FOOTNOTES:
[25] This is his own language.
[26] Pip signified the spot on a card.
[27] Fiddles.
[28] The cry of the herald for silence at the beginning of the masque.
CHAPTER XV.
“Then help with your call
For a hall, a hall!
Stand up by the wall,
Both good-men and tall,
We are one man's all!”
The Gipsey Metamorphosea.
With the hope that a description of the sports and pastimes of their ancestors may meet with like favour from the reader, we subjoin the following account of this little masque which was prepared for the happy occasion by Alfred Bernard, aided by the grave chaplain, Arthur Hutchinson, and performed by some of the gay gallants and blooming damsels of old Jamestown. We flatly disclaim in the outset any participation in the resentment or contempt which was felt by these loyal Virginians towards the puritan patriots of the revolution.
The curtain rises and discovers the genius of True Liberty, robed in white, with a wreath of myrtle around her brow; holding in her right hand a sceptre entwined with myrtle, as the emblem of peace, and in her left a sprig of evergreen, to represent the fabled Moly[29] of Ulysses.
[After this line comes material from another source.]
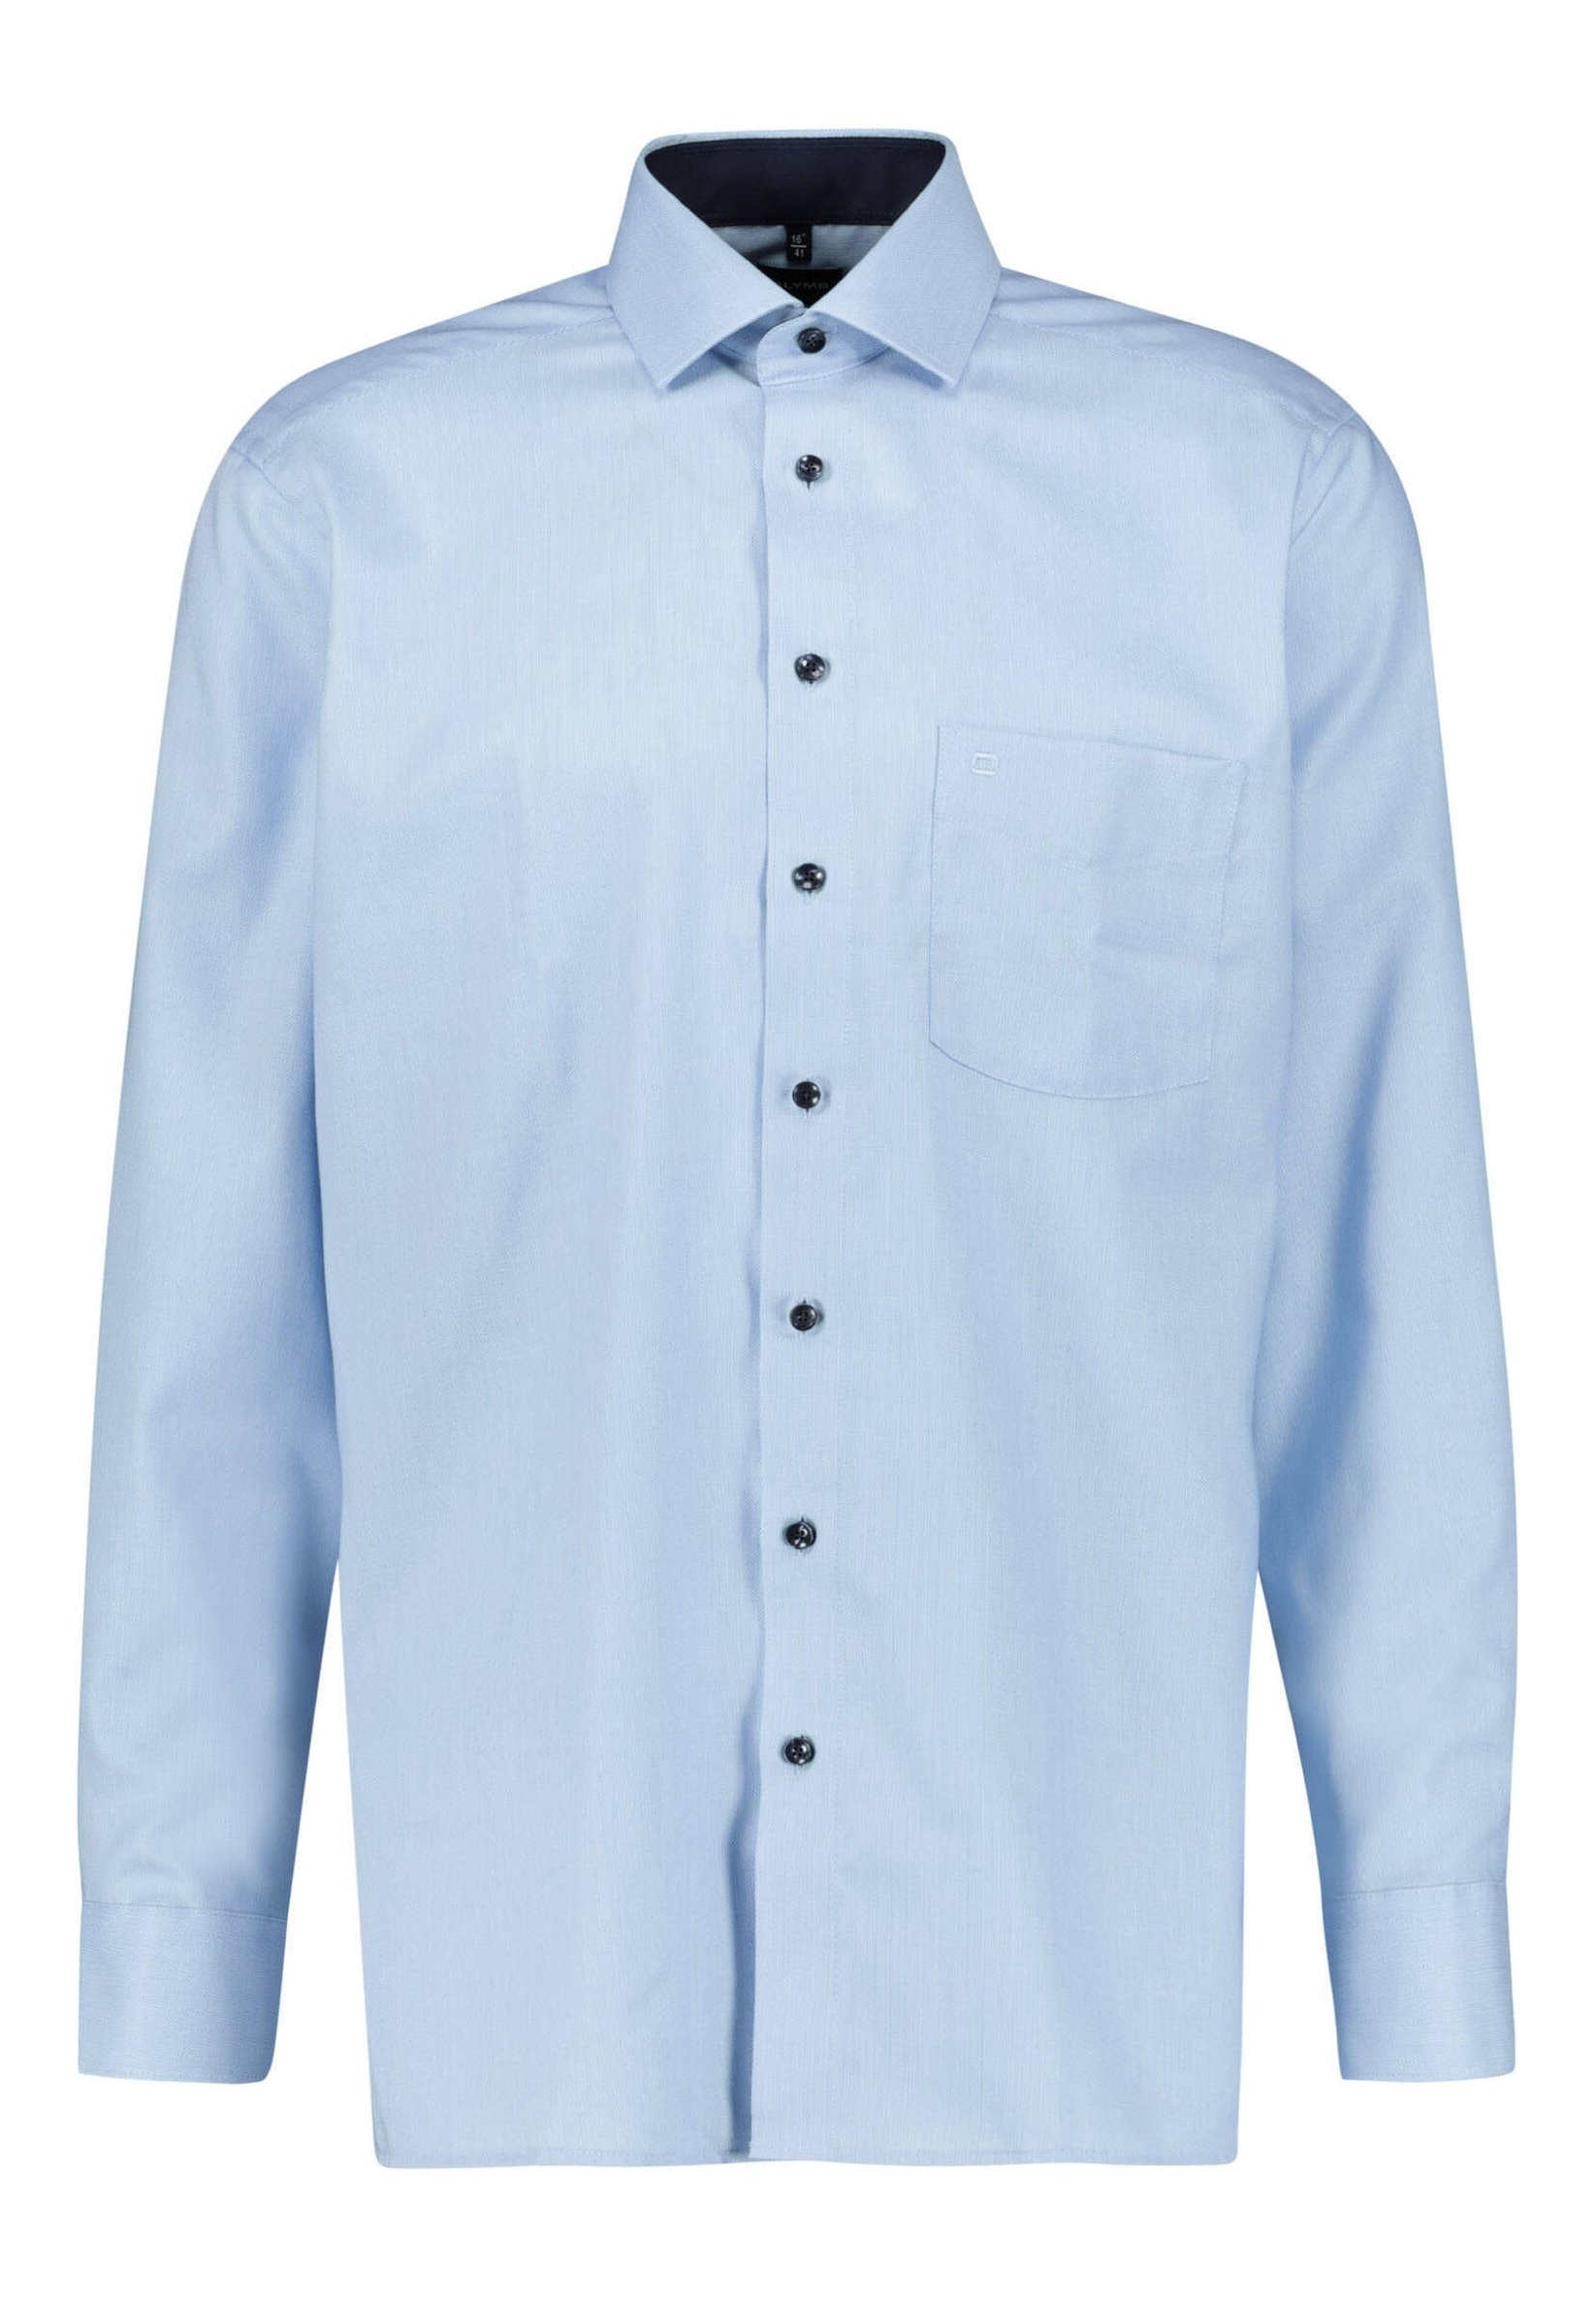 Herren 0400/64 HEMDEN - Businesshemd - stoned blue

As she advances to slow and solemn music, she kneels at an altar clothed with black velvet, and raising her eyes to heaven, she exclaims:—
“How long, oh Heaven! shall power with impious hand
In cruel bondage bind proud Britain's land,
Or heresy in fair Religion's robe
Usurp her empire and control the globe!—
Hypocrisy in true Religion's name
Has filled the land of Britain long with shame,
And Freedom, captive, languishes in chains,
While with her sceptre, Superstition reigns.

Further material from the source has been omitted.